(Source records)
BEGIN
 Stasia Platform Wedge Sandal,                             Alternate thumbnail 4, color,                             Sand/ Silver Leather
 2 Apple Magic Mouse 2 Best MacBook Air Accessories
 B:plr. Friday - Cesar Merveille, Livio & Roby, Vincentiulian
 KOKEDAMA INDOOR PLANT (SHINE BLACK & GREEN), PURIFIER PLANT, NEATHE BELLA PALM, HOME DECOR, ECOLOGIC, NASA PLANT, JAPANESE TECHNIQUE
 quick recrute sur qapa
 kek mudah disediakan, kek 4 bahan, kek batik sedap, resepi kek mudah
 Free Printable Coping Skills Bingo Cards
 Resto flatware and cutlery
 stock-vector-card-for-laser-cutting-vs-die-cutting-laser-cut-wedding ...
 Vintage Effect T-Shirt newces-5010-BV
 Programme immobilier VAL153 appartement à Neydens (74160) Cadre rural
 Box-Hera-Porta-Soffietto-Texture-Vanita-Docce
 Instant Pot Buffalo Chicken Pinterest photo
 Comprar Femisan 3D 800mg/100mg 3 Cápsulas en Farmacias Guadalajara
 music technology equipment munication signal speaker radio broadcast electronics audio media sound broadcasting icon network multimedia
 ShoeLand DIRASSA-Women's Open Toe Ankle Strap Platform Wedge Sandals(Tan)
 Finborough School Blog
END
EXERCISE INSTRUCTIONS. Repeat every line of the data, exactly and in full.

RESPONSE AREA.
 Stasia Platform Wedge Sandal,                             Alternate thumbnail 4, color,                             Sand/ Silver Leather
 2 Apple Magic Mouse 2 Best MacBook Air Accessories
 B:plr. Friday - Cesar Merveille, Livio & Roby, Vincentiulian
 KOKEDAMA INDOOR PLANT (SHINE BLACK & GREEN), PURIFIER PLANT, NEATHE BELLA PALM, HOME DECOR, ECOLOGIC, NASA PLANT, JAPANESE TECHNIQUE
 quick recrute sur qapa
 kek mudah disediakan, kek 4 bahan, kek batik sedap, resepi kek mudah
 Free Printable Coping Skills Bingo Cards
 Resto flatware and cutlery
 stock-vector-card-for-laser-cutting-vs-die-cutting-laser-cut-wedding ...
 Vintage Effect T-Shirt newces-5010-BV
 Programme immobilier VAL153 appartement à Neydens (74160) Cadre rural
 Box-Hera-Porta-Soffietto-Texture-Vanita-Docce
 Instant Pot Buffalo Chicken Pinterest photo
 Comprar Femisan 3D 800mg/100mg 3 Cápsulas en Farmacias Guadalajara
 music technology equipment munication signal speaker radio broadcast electronics audio media sound broadcasting icon network multimedia
 ShoeLand DIRASSA-Women's Open Toe Ankle Strap Platform Wedge Sandals(Tan)
 Finborough School Blog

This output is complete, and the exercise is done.